• **INFORMATION PROVIDED**:
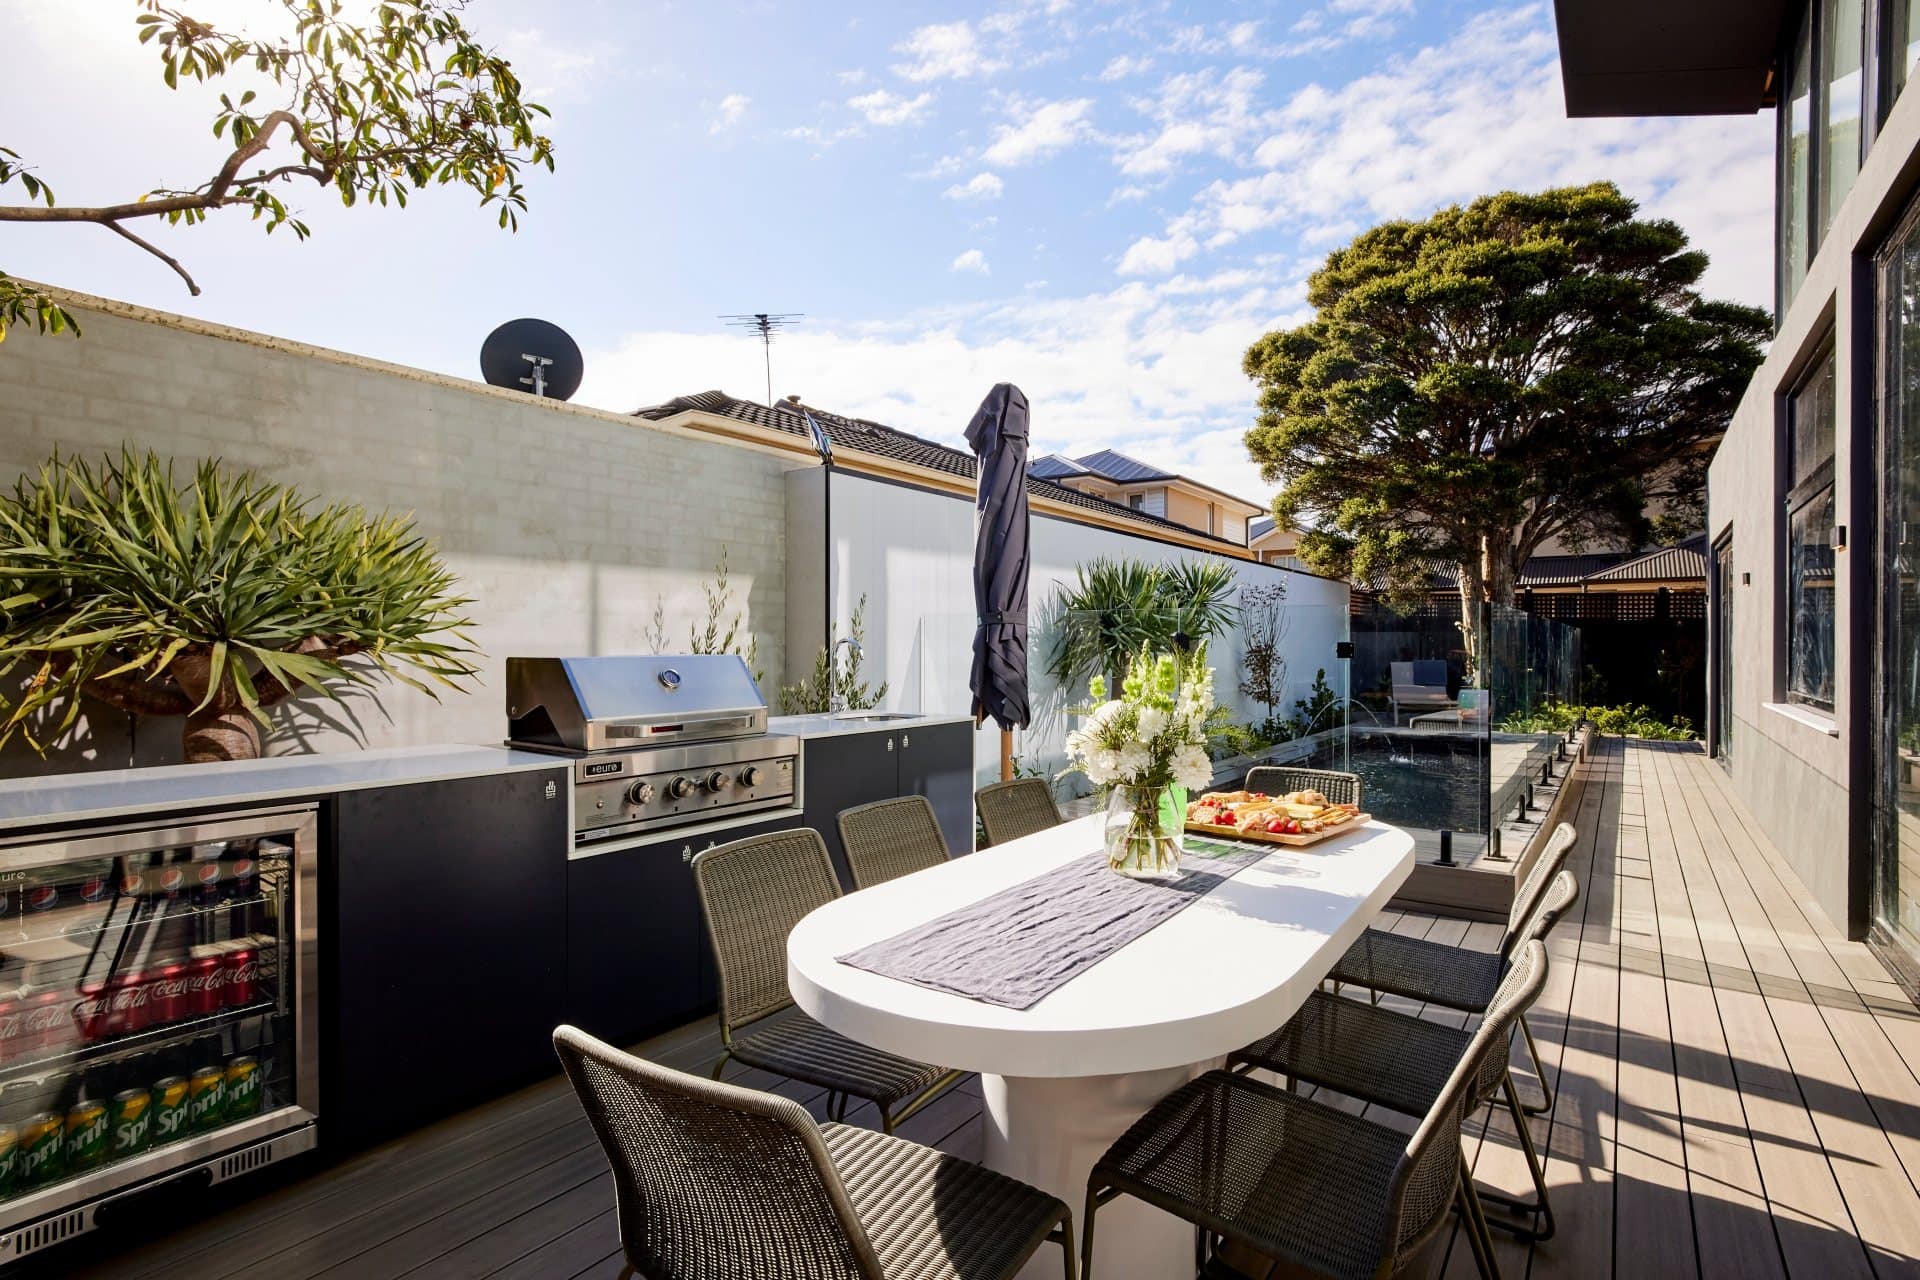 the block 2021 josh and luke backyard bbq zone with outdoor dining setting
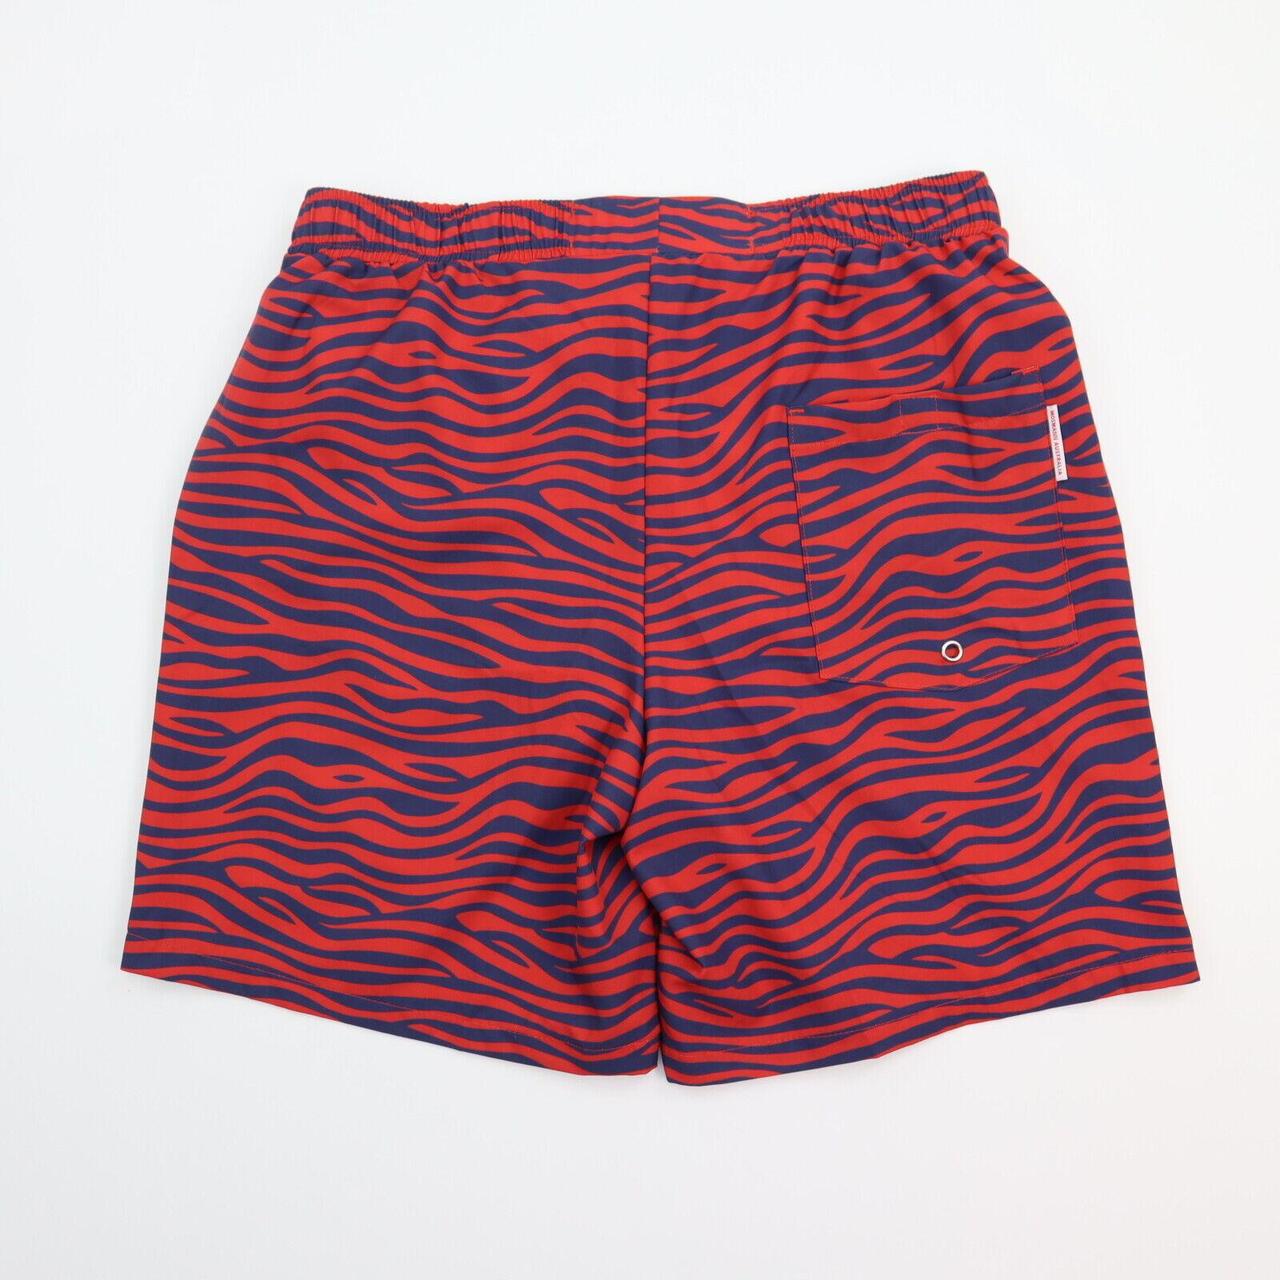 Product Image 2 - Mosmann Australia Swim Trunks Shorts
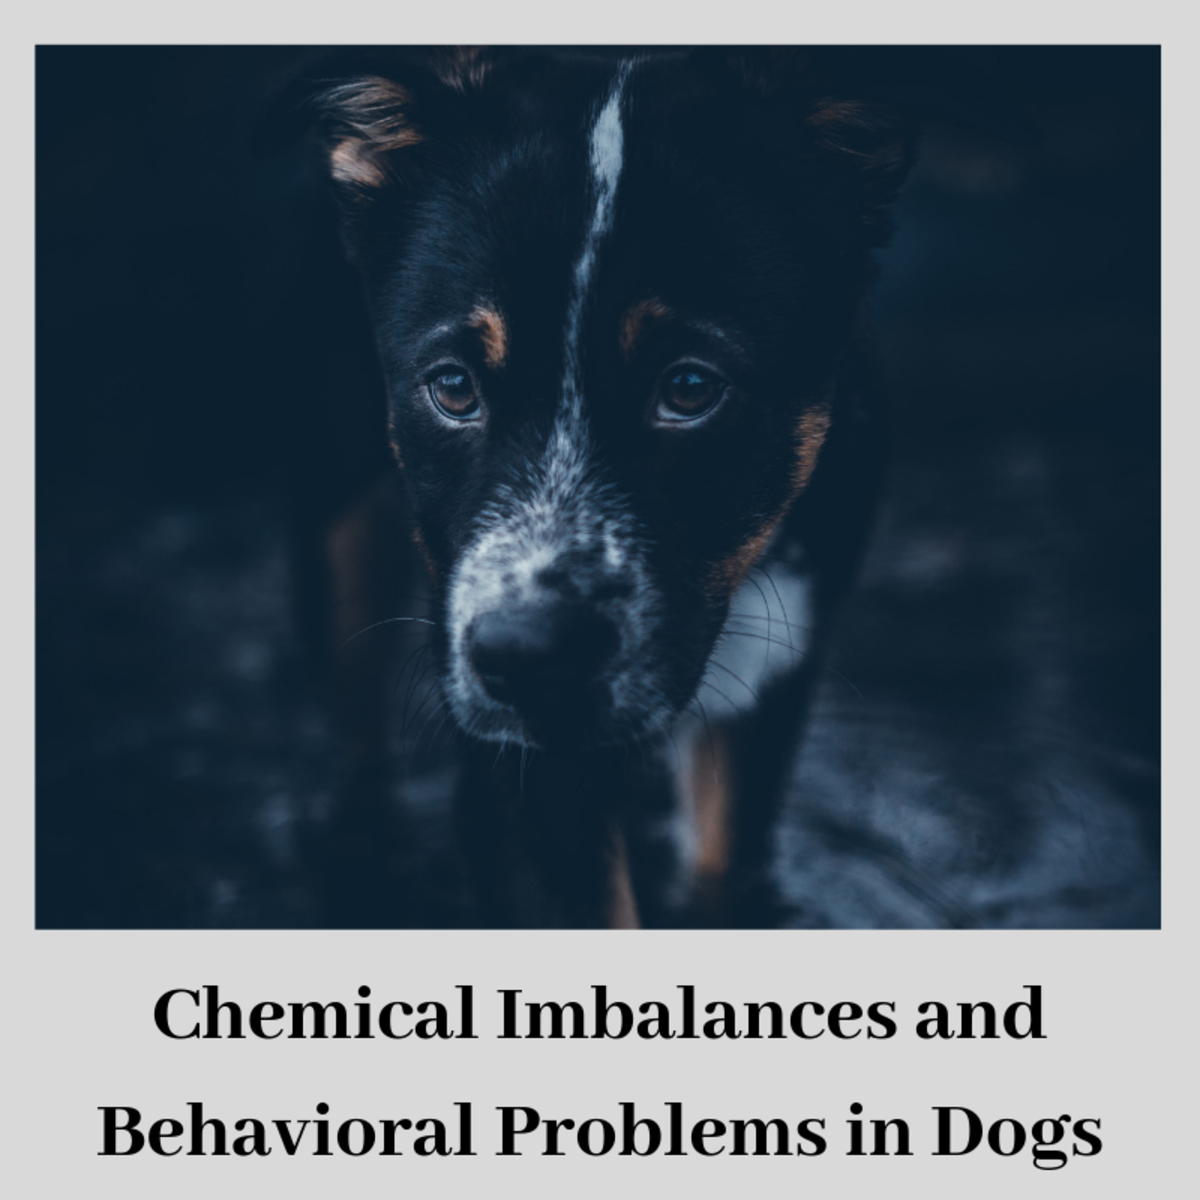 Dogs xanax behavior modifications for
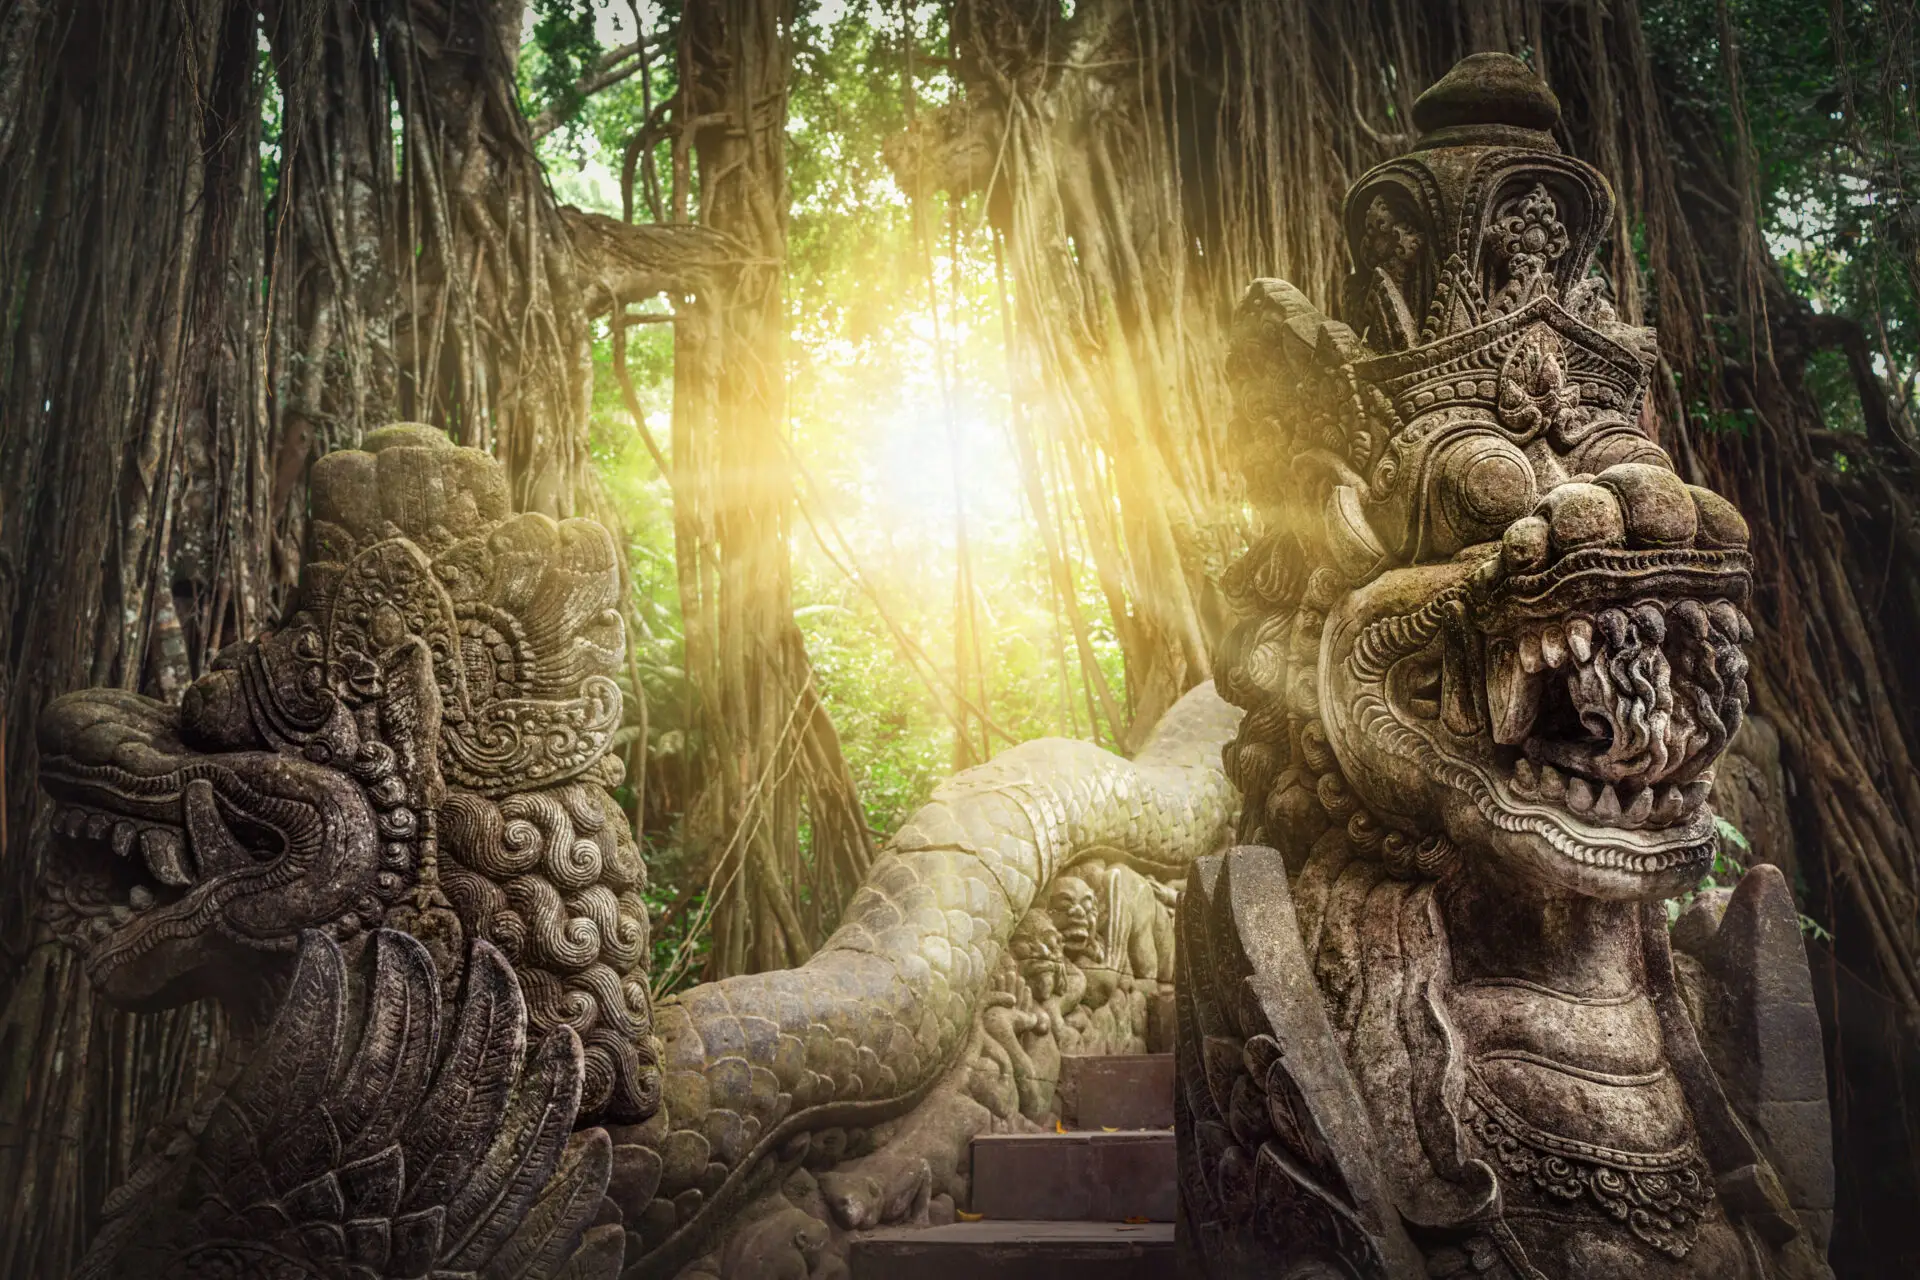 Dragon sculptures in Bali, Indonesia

• **ACTIVITY**:
Pictures stay out. Write out everything else in the material exactly.

• **YOUR SOLUTION**:
 the block 2021 josh and luke backyard bbq zone with outdoor dining setting
 Product Image 2 - Mosmann Australia Swim Trunks Shorts
 Dogs xanax behavior modifications for
 Dragon sculptures in Bali, Indonesia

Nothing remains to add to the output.